PF_VCPU is only a hint whether the target vcpu is executing the guest.
If preemption is off or !s390, PF_VCPU means that the target vcpu is running
and can't be preempted.

Although for preemption on and s390, this statement is false. Therefore this
check is not always right.

> 2. whether it helps for any future usages of yield_to against current
> sole usage of virtualization.
> 
> 
> 
Thanks for your test!

--
To unsubscribe from this list: send the line "unsubscribe kvm" in
the body of a message to majordomo@vger.kernel.org
More majordomo info at  http://vger.kernel.org/majordomo-info.html
Paolo Bonzini Dec. 3, 2014, 12:53 p.m. UTC | #8
On 28/11/2014 12:40, Raghavendra K T wrote:
> I am seeing very small improvement in <= 1x commit cases
> and for >1x overcommit, a very slight regression. But considering the
> test environment noises, I do not see much effect from the
> patch.

I think these results are the only one that could be statisically significant:

                   base     %stdev      patched     %stdev    %improvement
kernbench 1x    53.1421     2.3086      54.6671     2.9673      -2.86966
dbench    1x  6386.4737     1.0487    6703.9113     1.2298       4.97047

and, of course :) one of them says things get worse and the other
says things get better.

Paolo

> But I admit, I have not explored deeply about,
> 1. assumption of preempted approximately equals PF_VCPU case logic,
> 2. whether it helps for any future usages of yield_to against current
> sole usage of virtualization.
> 
> 
> 
--
To unsubscribe from this list: send the line "unsubscribe kvm" in
the body of a message to majordomo@vger.kernel.org
More majordomo info at  http://vger.kernel.org/majordomo-info.html
Paolo Bonzini Dec. 3, 2014, 1:02 p.m.
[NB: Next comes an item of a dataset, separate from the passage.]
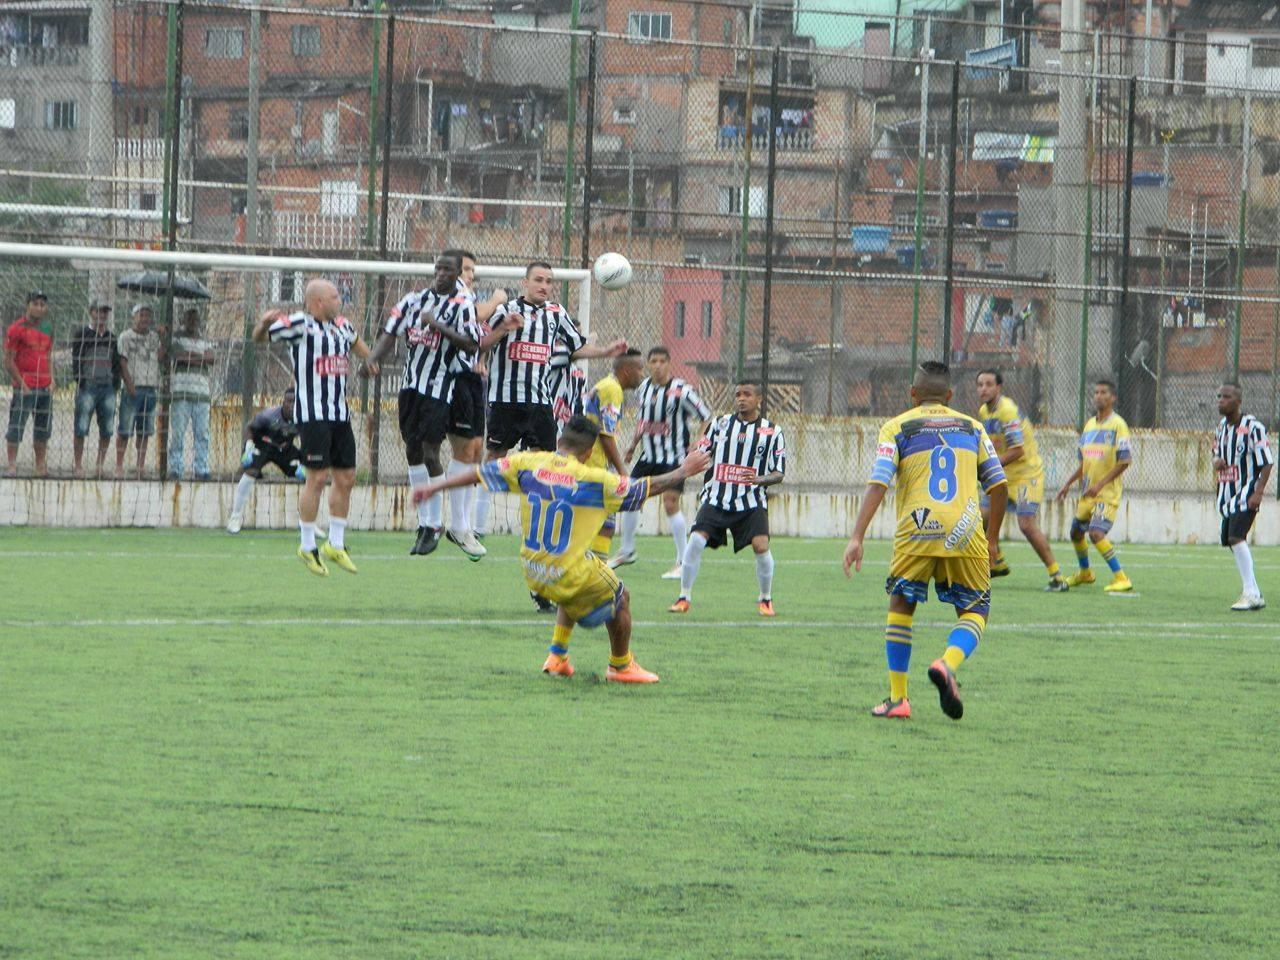 Mesmo com seis desfalques, Botafogo vence Coroa e se classifica na Copa Negritude

UTC | #9
On 25/11/2014 17:04, David Hildenbrand wrote:
> As some architectures (e.g. s390) can't disable preemption while
> entering/leaving the guest, they won't receive the yield in all situations.
> 
> kvm_enter_guest() has to be called with preemption_disabled and will set
> PF_VCPU. After that point e.g. s390 reenables preemption and starts to execute the
> guest. The thread might therefore be scheduled out between kvm_enter_guest() and
> kvm_exit_guest(), resulting in PF_VCPU being set but not being run.
> 
> Please note that preemption has to stay enabled in order to correctly process
> page faults on s390.
> 
> Current code takes PF_VCPU as a hint that the VCPU thread is running and
> therefore needs no yield. yield_to() checks whether the target thread is running,
> so let's use the inbuilt functionality to make it independent of PF_VCPU and
> preemption.
> 
> Signed-off-by: David Hildenbrand <dahi@linux.vnet.ibm.com>
> ---
>  virt/kvm/kvm_main.c | 4 ----
>  1 file changed, 4 deletions(-)
> 
> diff --git a/virt/kvm/kvm_main.c b/virt/kvm/kvm_main.c
> index 5b45330..184f52e 100644
> --- a/virt/kvm/kvm_main.c
> +++ b/virt/kvm/kvm_main.c
> @@ -1782,10 +1782,6 @@ int kvm_vcpu_yield_to(struct kvm_vcpu *target)
>  	rcu_read_unlock();
>  	if (!task)
>  		return ret;
> -	if (task->flags & PF_VCPU) {
> -		put_task_struct(task);
> -		return ret;
> -	}
>  	ret = yield_to(task, 1);
>  	put_task_struct(task);
>  
> 

Applied with a rewritten commit message:

KVM: don't check for PF_VCPU when yielding

kvm_enter_guest() has to be called with preemption disabled and will
set PF_VCPU.  Current code takes PF_VCPU as a hint that the VCPU thread
is running and therefore needs no yield.

However, the check on PF_VCPU is wrong on s390, where preemption
has to stay enabled on s390 in order to correctly process page faults.
Thus, s390 reenables preemption and starts to execute the guest.
The thread might be scheduled out between kvm_enter_guest() and
kvm_exit_guest(), resulting in PF_VCPU being set but not being run.
When this happens, the opportunity for directed yield is missed.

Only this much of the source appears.